TASK: After removing every image, reproduce the data exactly as it appears.

SUPPLIED DATA:
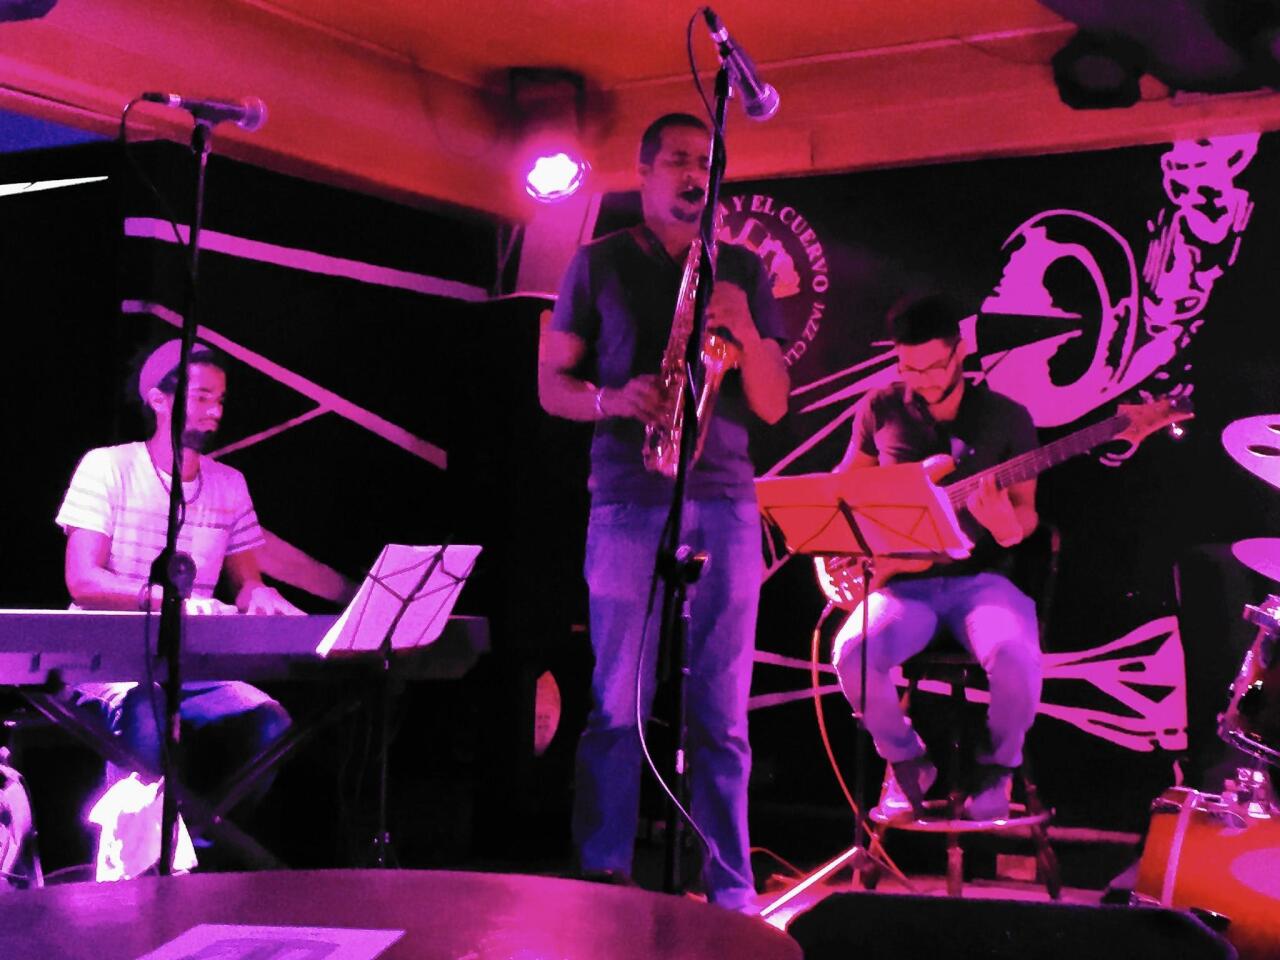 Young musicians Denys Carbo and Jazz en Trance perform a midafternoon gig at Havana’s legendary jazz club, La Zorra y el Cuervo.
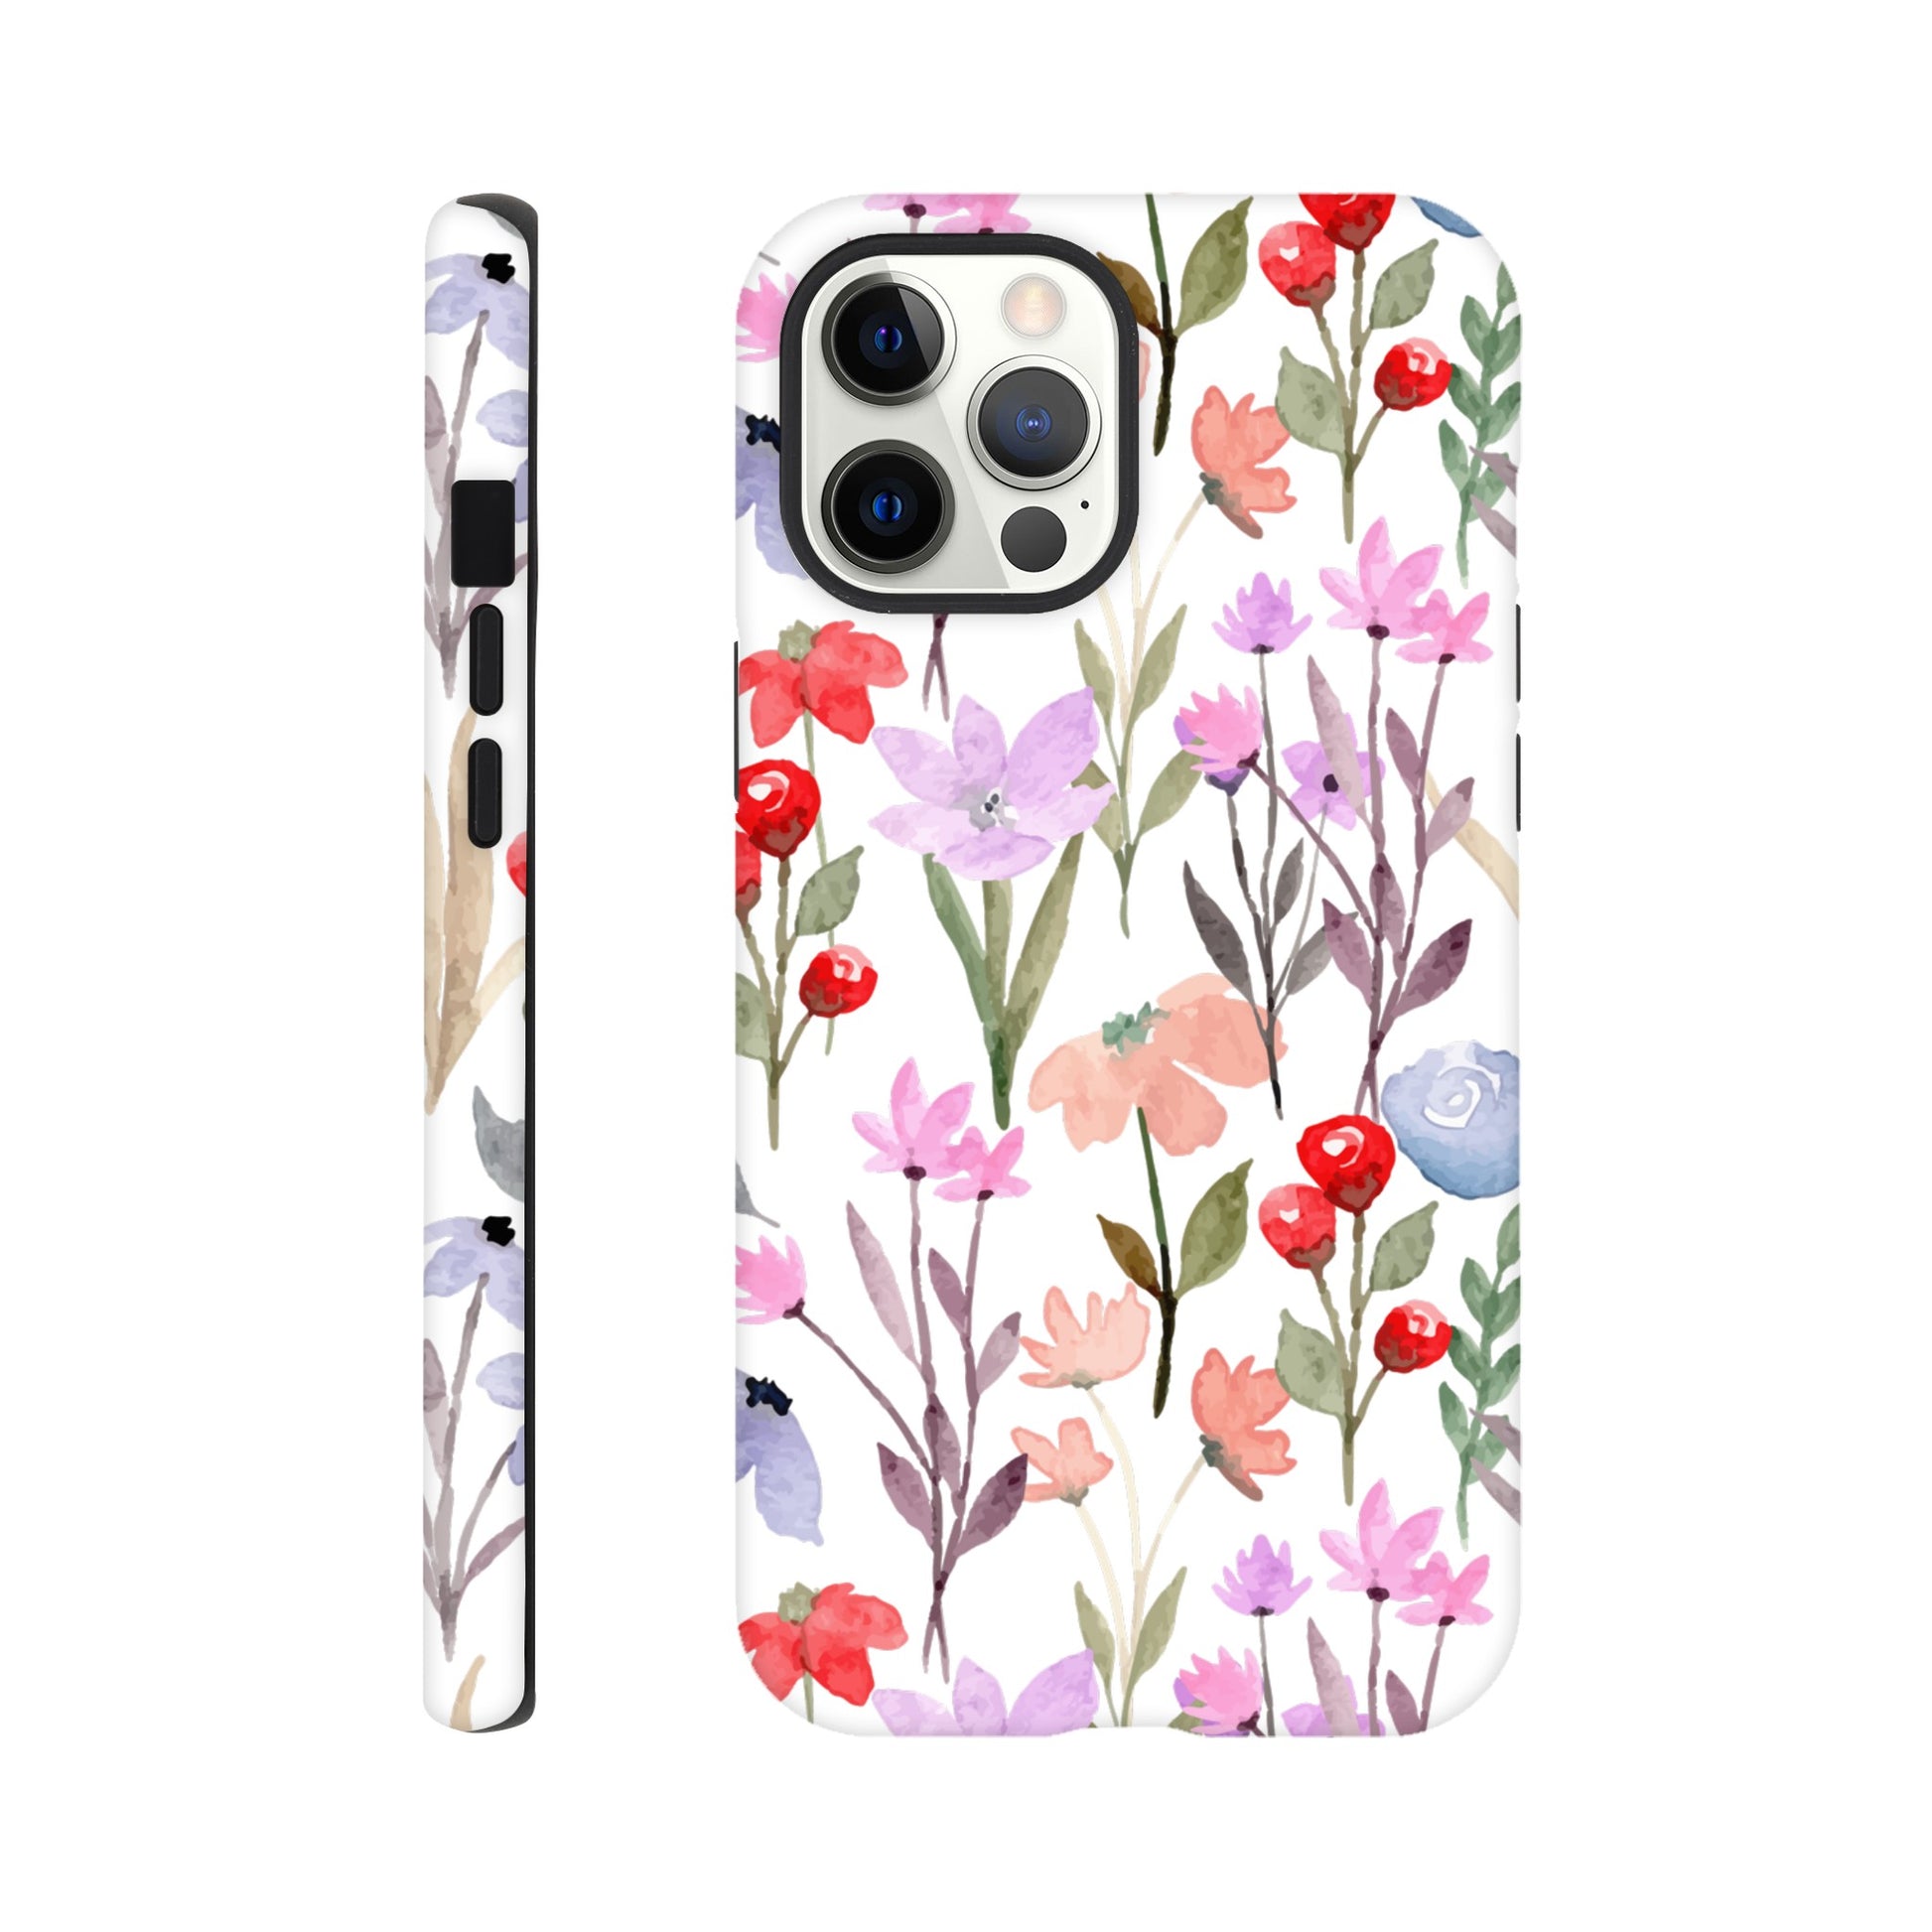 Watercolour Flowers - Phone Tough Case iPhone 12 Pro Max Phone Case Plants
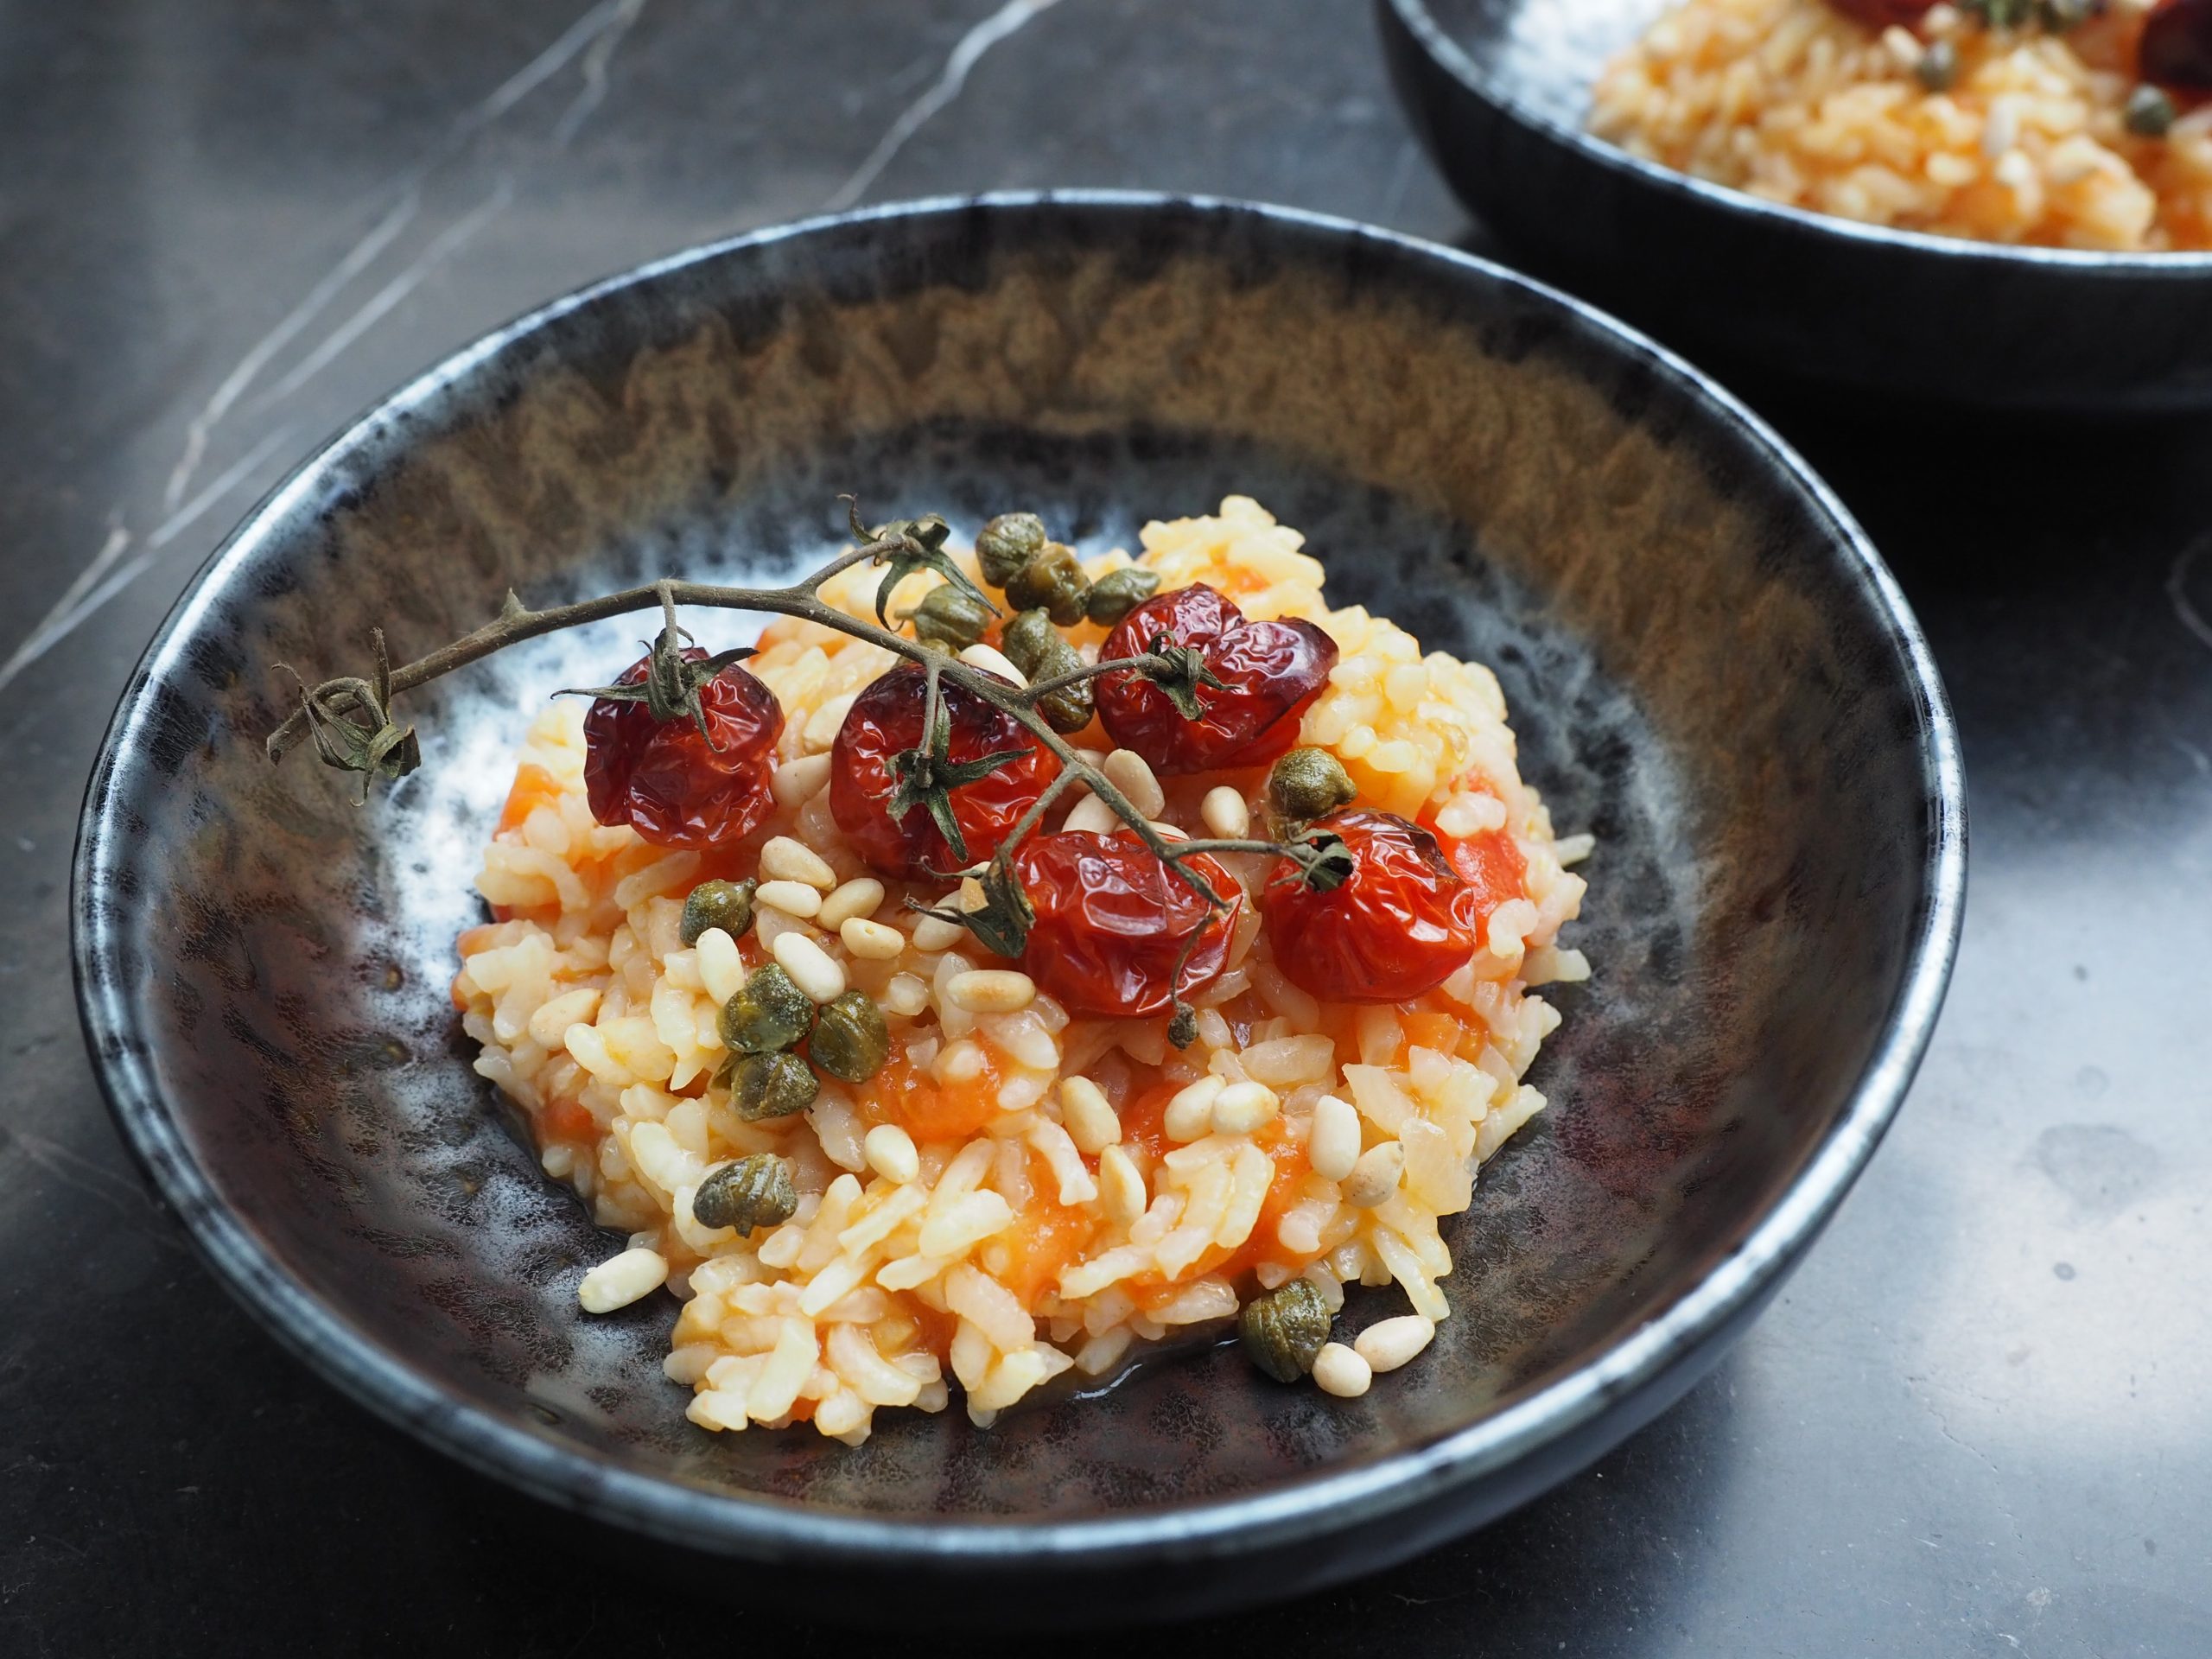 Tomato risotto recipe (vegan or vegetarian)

WRITTEN SOLUTION:
 Young musicians Denys Carbo and Jazz en Trance perform a midafternoon gig at Havana’s legendary jazz club, La Zorra y el Cuervo.
 Watercolour Flowers - Phone Tough Case iPhone 12 Pro Max Phone Case Plants
 Tomato risotto recipe (vegan or vegetarian)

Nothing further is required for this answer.